# Pipeline 3: Mapping

This is a prototype and test for the third pipeline, and ETL step from ListingDetails to ListingRecord.

## Prerequisites

In [None]:
import sys
from pathlib import Path
import os

# Find the project root
project_root = Path().cwd().parent
print(f"Project root: {project_root}")

# Add project root to Python path (not just sources)
sys.path.insert(0, str(project_root))
print(f"Added to Python path: {project_root}")

# Set environment variables

os.environ["QE_ENV"] = "dev"
os.environ["QE_CONF_FOLDER"] = "sources/resources"
print(f"Added environment variables: QE_ENV={os.environ['QE_ENV']}, QE_CONF_FOLDER={os.environ['QE_CONF_FOLDER']}")

In [None]:
from sources.datamodel.listing_details import ListingDetails
from sources.datamodel.listing_record import ListingRecord
from sources.logging import logging_utils
from sources.storage.abstract_storage import Storage
from sources.config.config_manager import ConfigManager
from sources.mappers.immobiliare_listing_mapper import ListingDataTransformer

## Configuration

In [None]:
logging_utils.setup_logging(config_path="sources/resources/logging.yaml")
logger = logging_utils.get_logger(__name__)

config_manager = ConfigManager()
config_manager.invalidate_caches()

storage_settings = config_manager.get_storage_config()

In [None]:
storage: Storage = Storage.create_storage(
    data_type=ListingRecord, 
    config=storage_settings
)

## Extract ListingIds from MongoDB

In [None]:
from pymongo import MongoClient
from contextlib import contextmanager

from sources.config.model.storage_settings import MongoStorageSettings
from sources.storage.mongo_storage import MongoDBStorage


# Get MongoDB configuration from storage settings
mongo_config: MongoStorageSettings = storage_settings.mongodb_settings  # This should be a MongoStorageSettings instance


# Connect to MongoDB using the same configuration as the storage
@contextmanager
def get_mongo_client():
    """Context manager for MongoDB client with proper resource cleanup."""
    client = MongoClient(mongo_config.connection_string.get_secret_value())
    try:
        yield client
    finally:
        client.close()


# Query for ListingDetails that don't have corresponding ListingRecords using aggregation
batch_size = 3000


with get_mongo_client() as client:

    db = client[mongo_config.database]
    listings_collection = db[mongo_config.collection_listings]
    records_collection = db[mongo_config.collection_records]
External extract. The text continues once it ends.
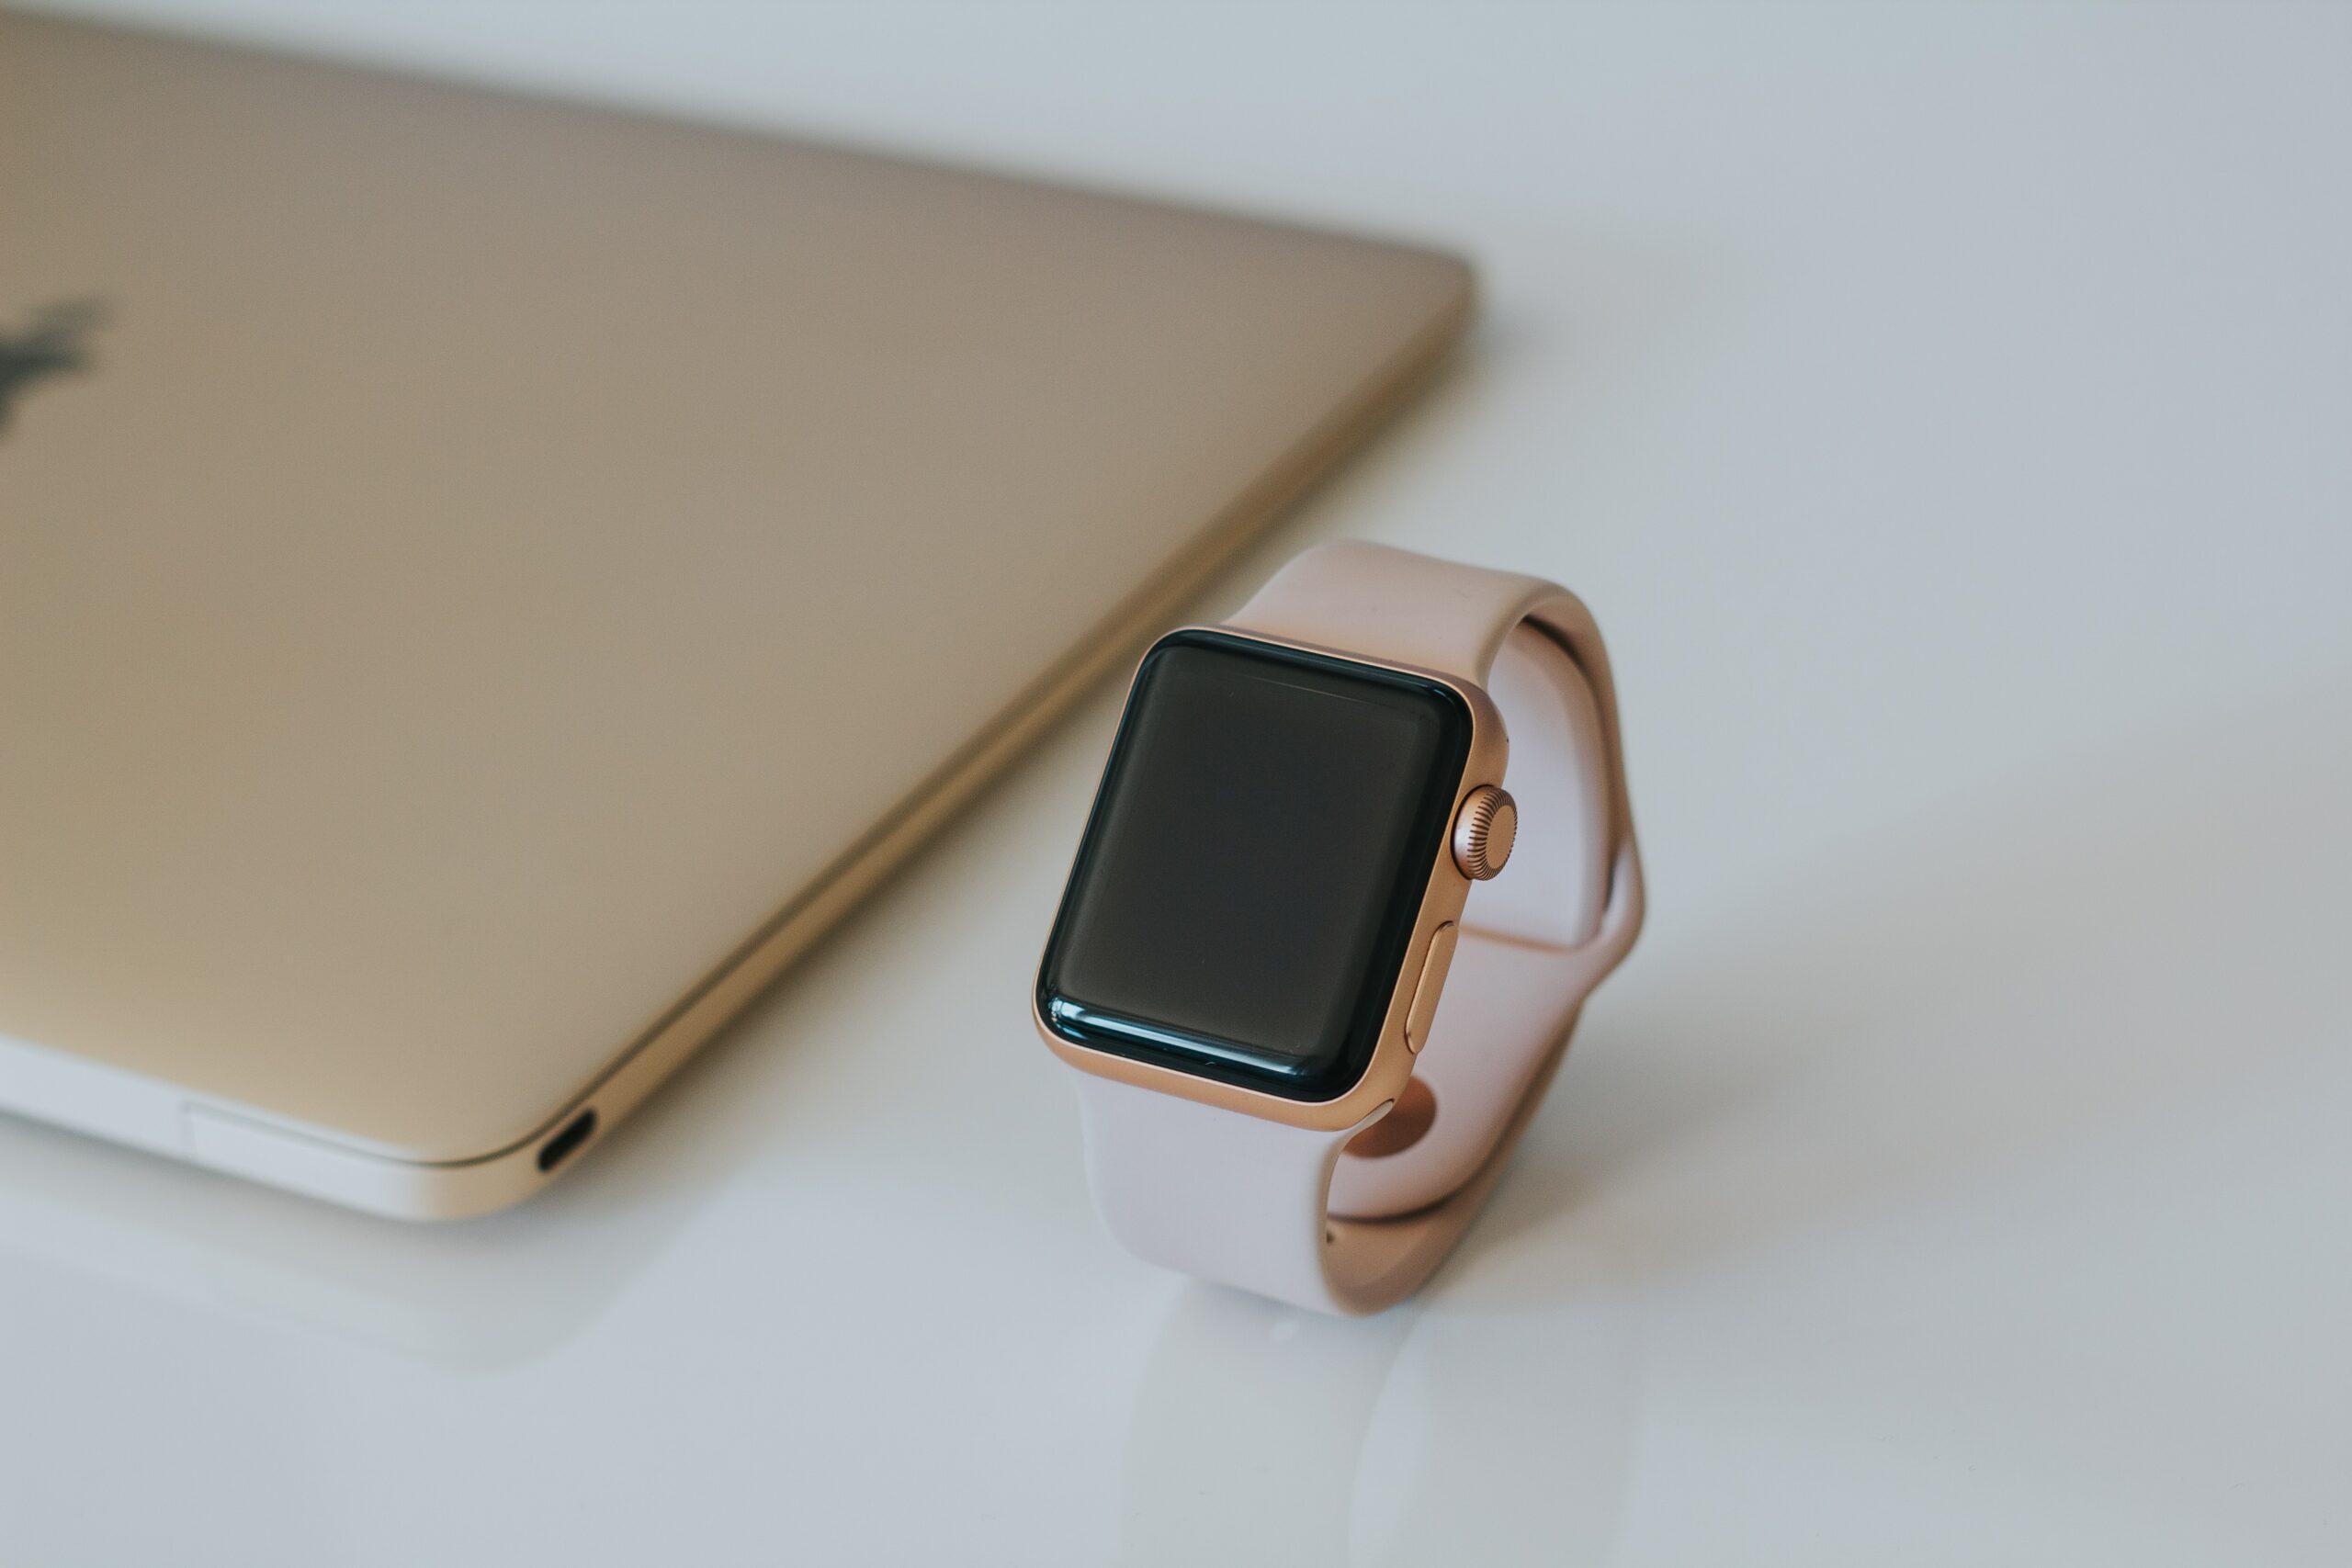 Владельцы Apple Watch Series 3 разочарованы проблемами после обновления WatchOS 7
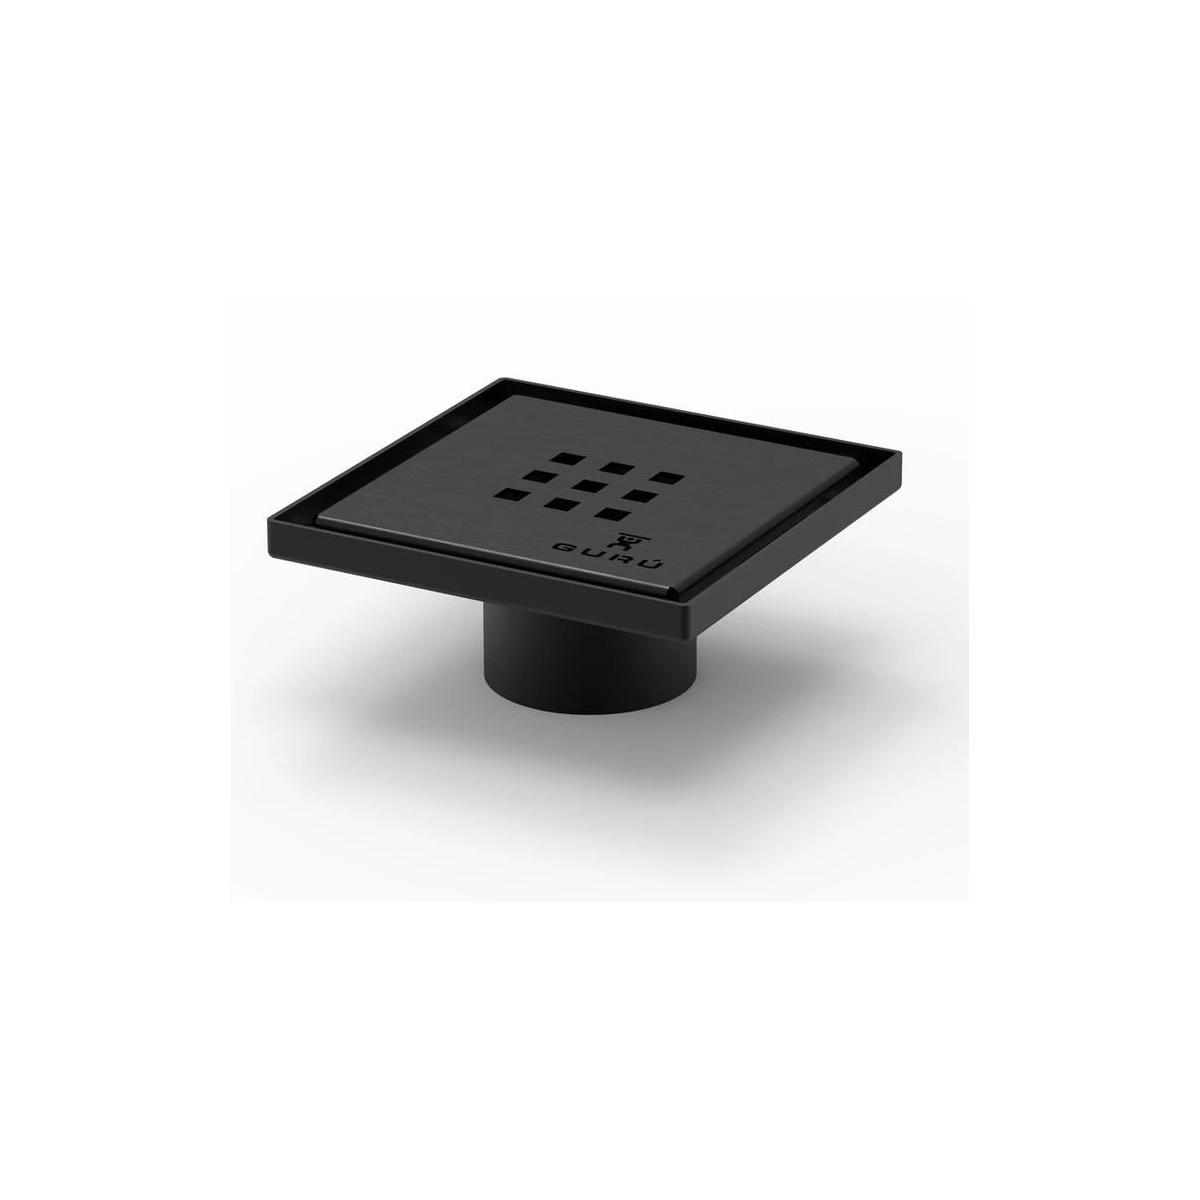 Sumidero negro para ducha Evolux Dark Plus

    # Use aggregation pipeline with $lookup (left outer join) to find unprocessed IDs
    pipeline = [
        {
            "$lookup": {
                "from": mongo_config.collection_records,  # Join with records collection
                "localField": "id",  # Field from listings collection
                "foreignField": "id",  # Field from records collection
                "as": "listing_records",  # Output array field
            }
        },
        {
            "$match": {
                "listing_records": {
                    "$size": 0
                }  # Filter where no matching listing records found
            }
        },
        {"$sample": {"size": batch_size}},  # Randomly sample from matching documents
        {
            "$project": {
                "listing_records": 0  # Remove the empty listing_records array from output
            }
        },
    ]

    # Execute aggregation pipeline
    unprocessed_docs = list(listings_collection.aggregate(pipeline))

    # Convert documents back to ListingDetails objects
    listingDetails = [ListingDetails.from_dict(doc) for doc in unprocessed_docs]

    print(f"Found {len(listingDetails)} ListingDetails without corresponding ListingRecords")


listingDetails[:5]

## ETL

In [None]:
mapper = ListingDataTransformer()

records = [mapper.map(listing) for listing in listingDetails]
storage.append_data(records)